## REQUIRED WORK:
All that is wanted is the exact lines from the first line of the data below through the line with "Cartouche d'encre Epson", both ends included, with pictures omitted.

## DATA:
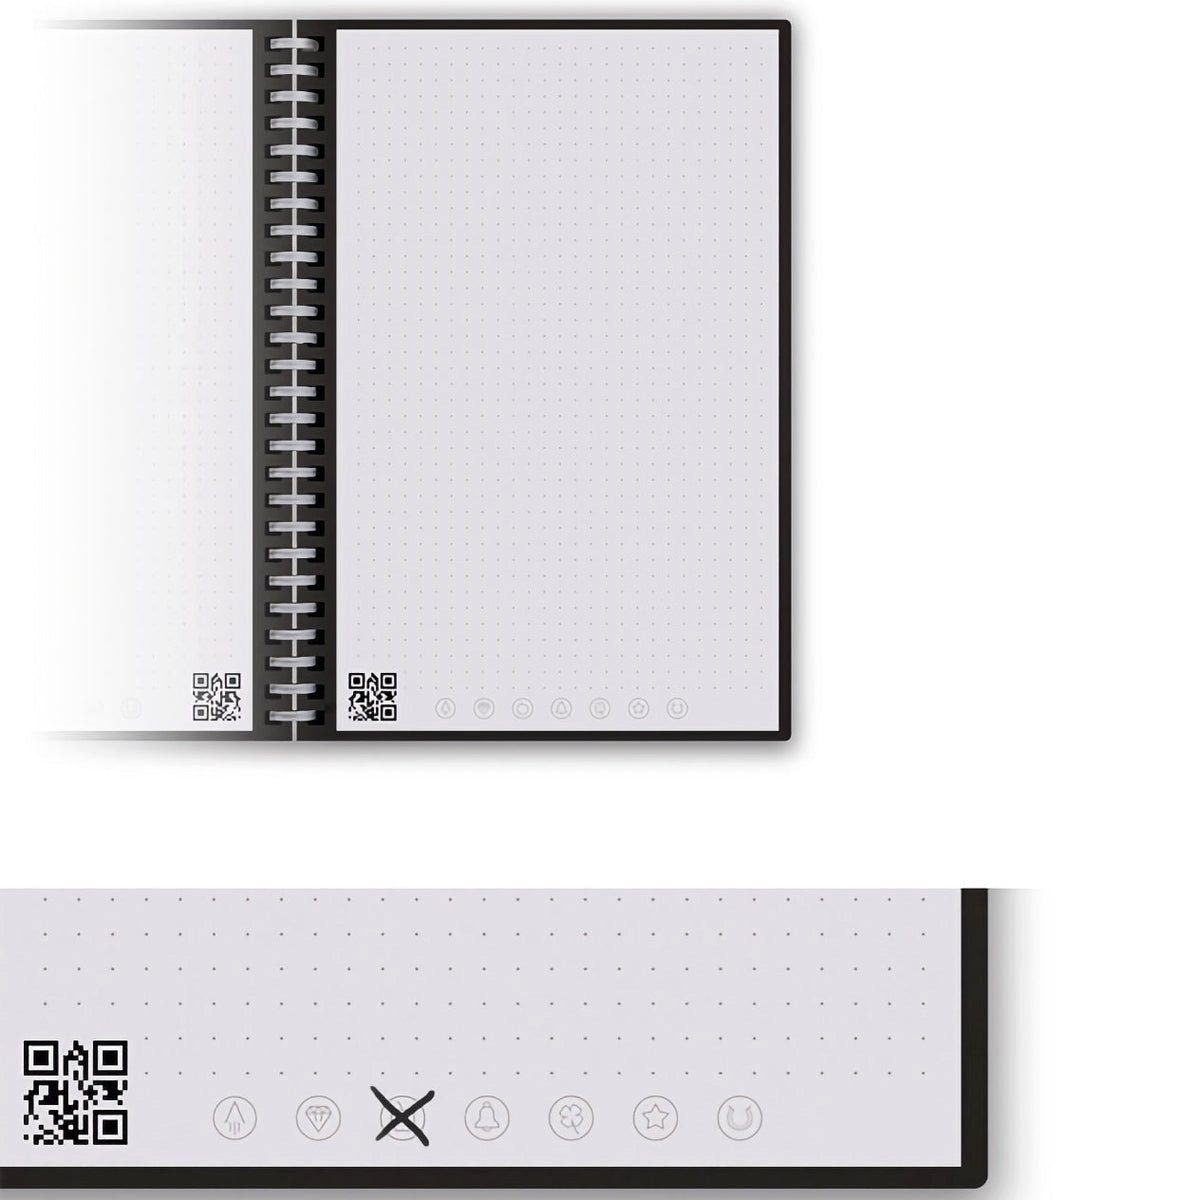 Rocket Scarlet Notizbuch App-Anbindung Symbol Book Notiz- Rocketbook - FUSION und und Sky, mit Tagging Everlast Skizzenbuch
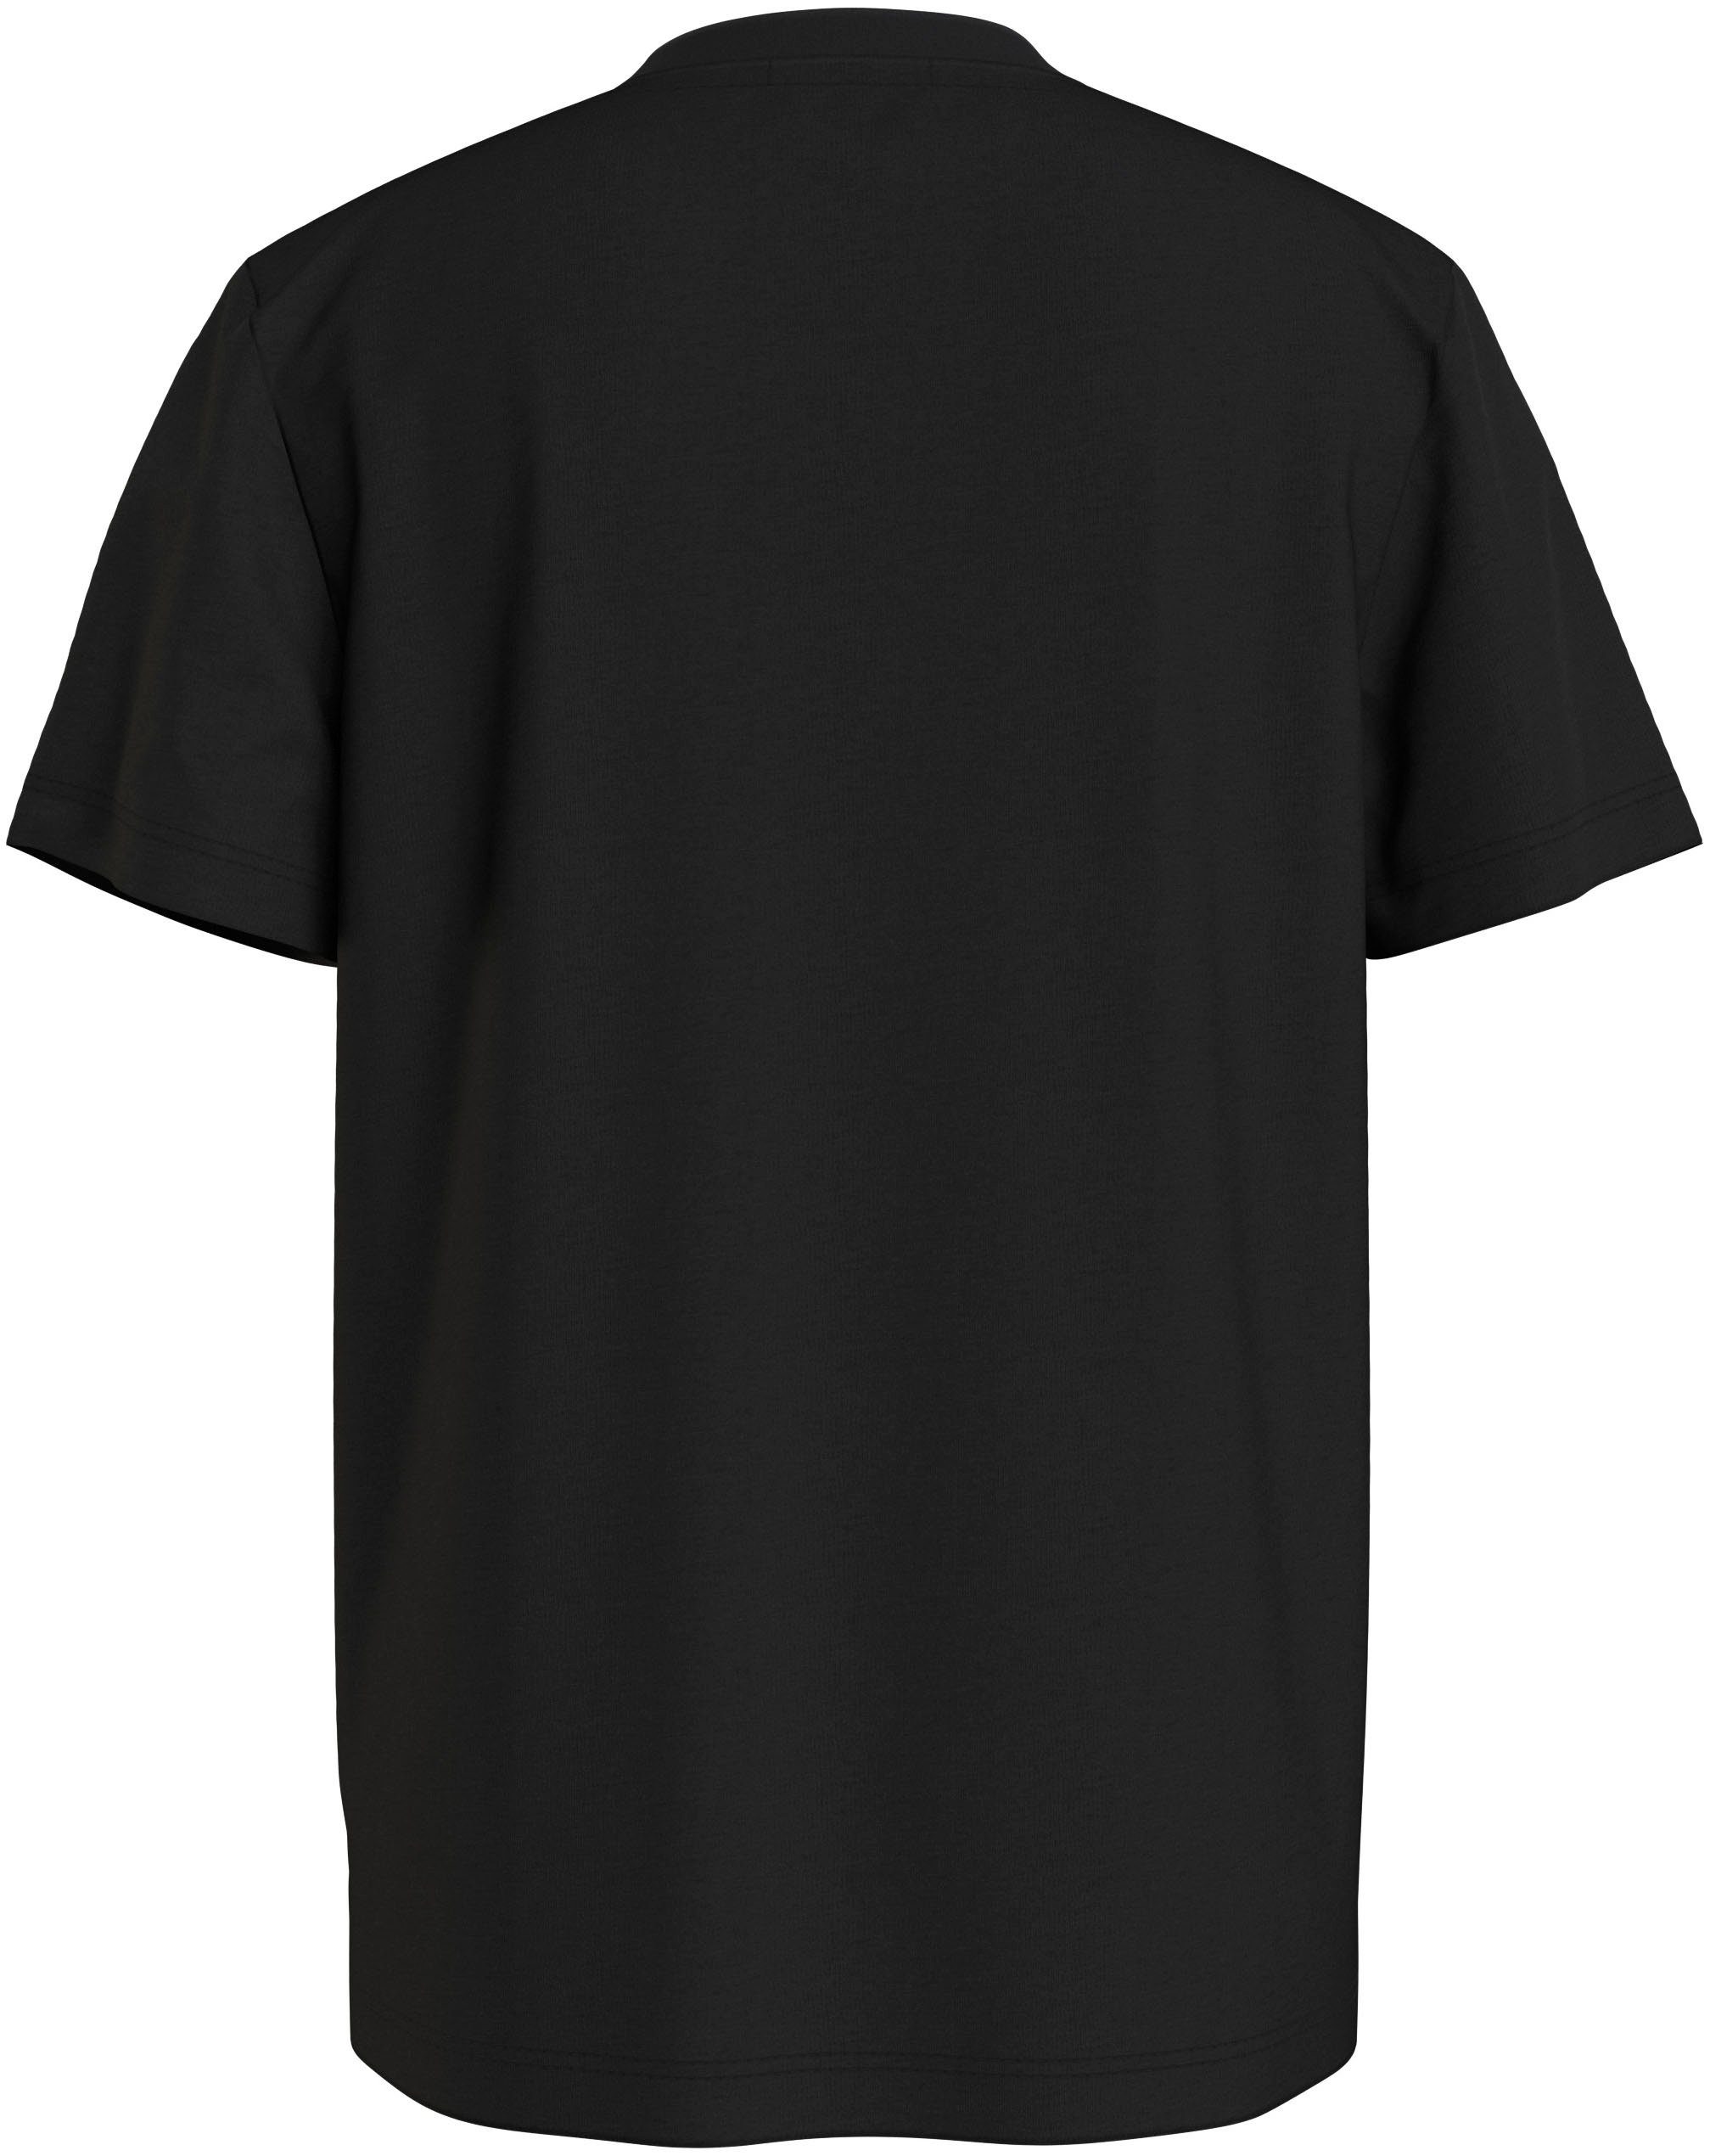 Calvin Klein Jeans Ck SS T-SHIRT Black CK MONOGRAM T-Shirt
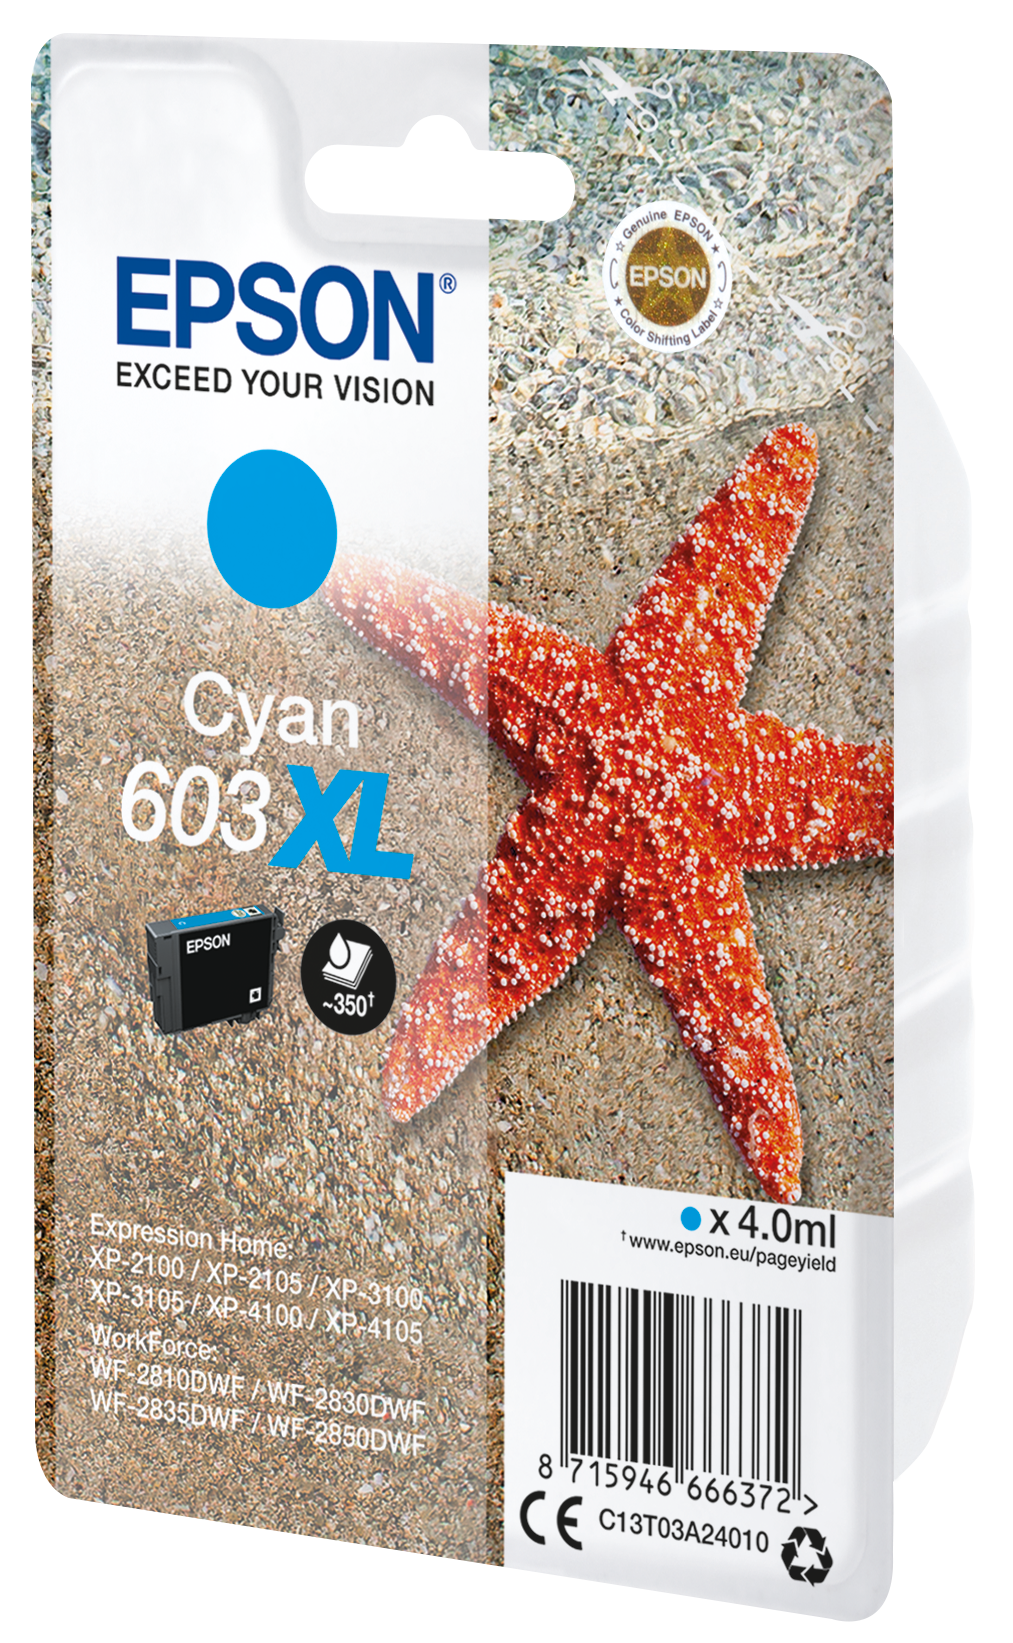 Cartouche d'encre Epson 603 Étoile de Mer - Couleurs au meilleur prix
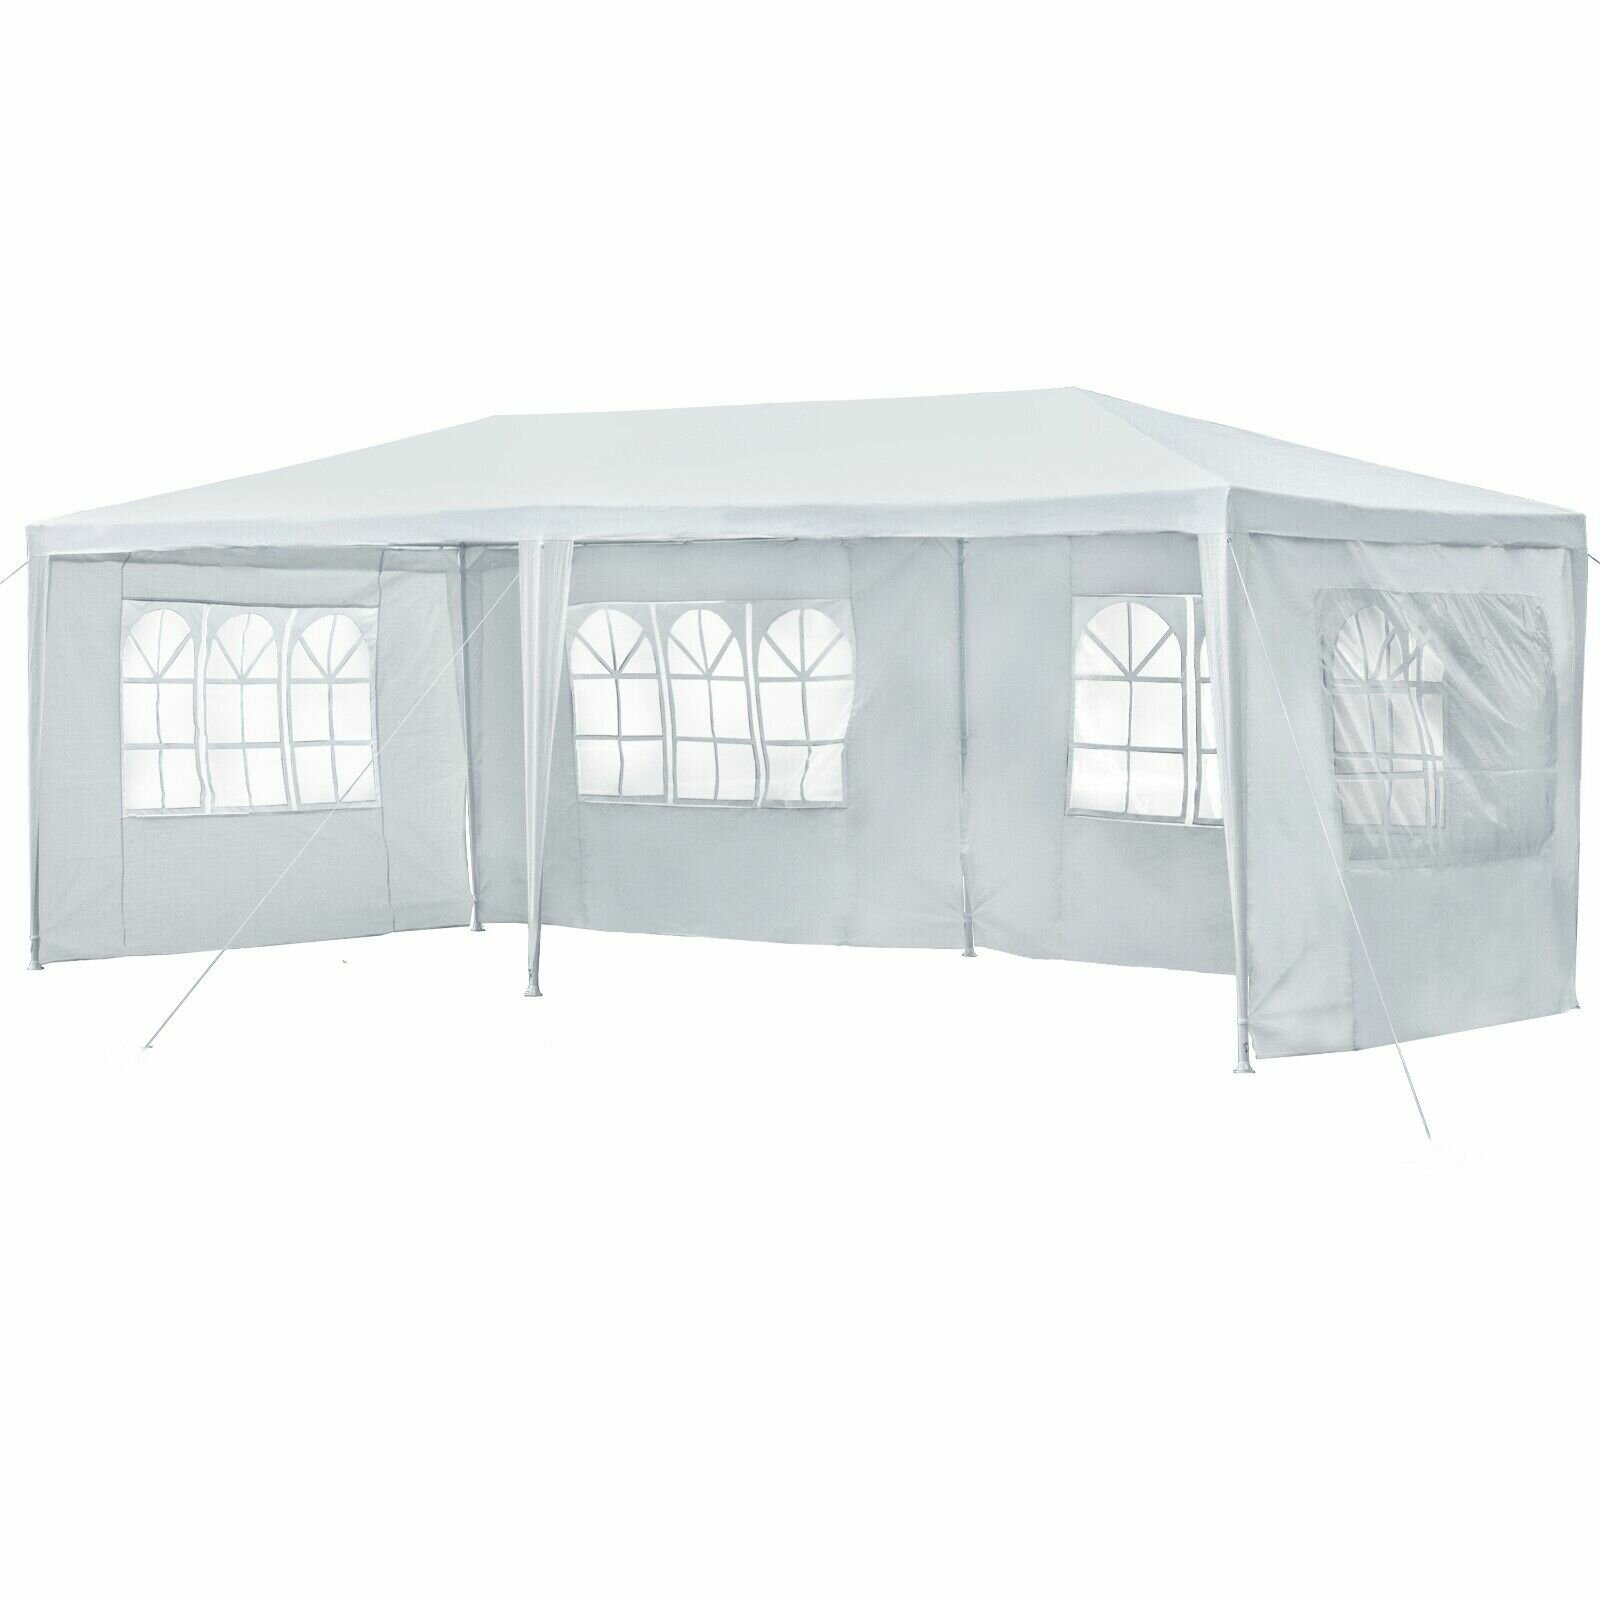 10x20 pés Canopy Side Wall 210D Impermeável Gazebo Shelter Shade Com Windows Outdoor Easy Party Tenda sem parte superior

## SOLUTION TO THE EXERCISE:
 Rocket Scarlet Notizbuch App-Anbindung Symbol Book Notiz- Rocketbook - FUSION und und Sky, mit Tagging Everlast Skizzenbuch
 Calvin Klein Jeans Ck SS T-SHIRT Black CK MONOGRAM T-Shirt
 Cartouche d'encre Epson 603 Étoile de Mer - Couleurs au meilleur prix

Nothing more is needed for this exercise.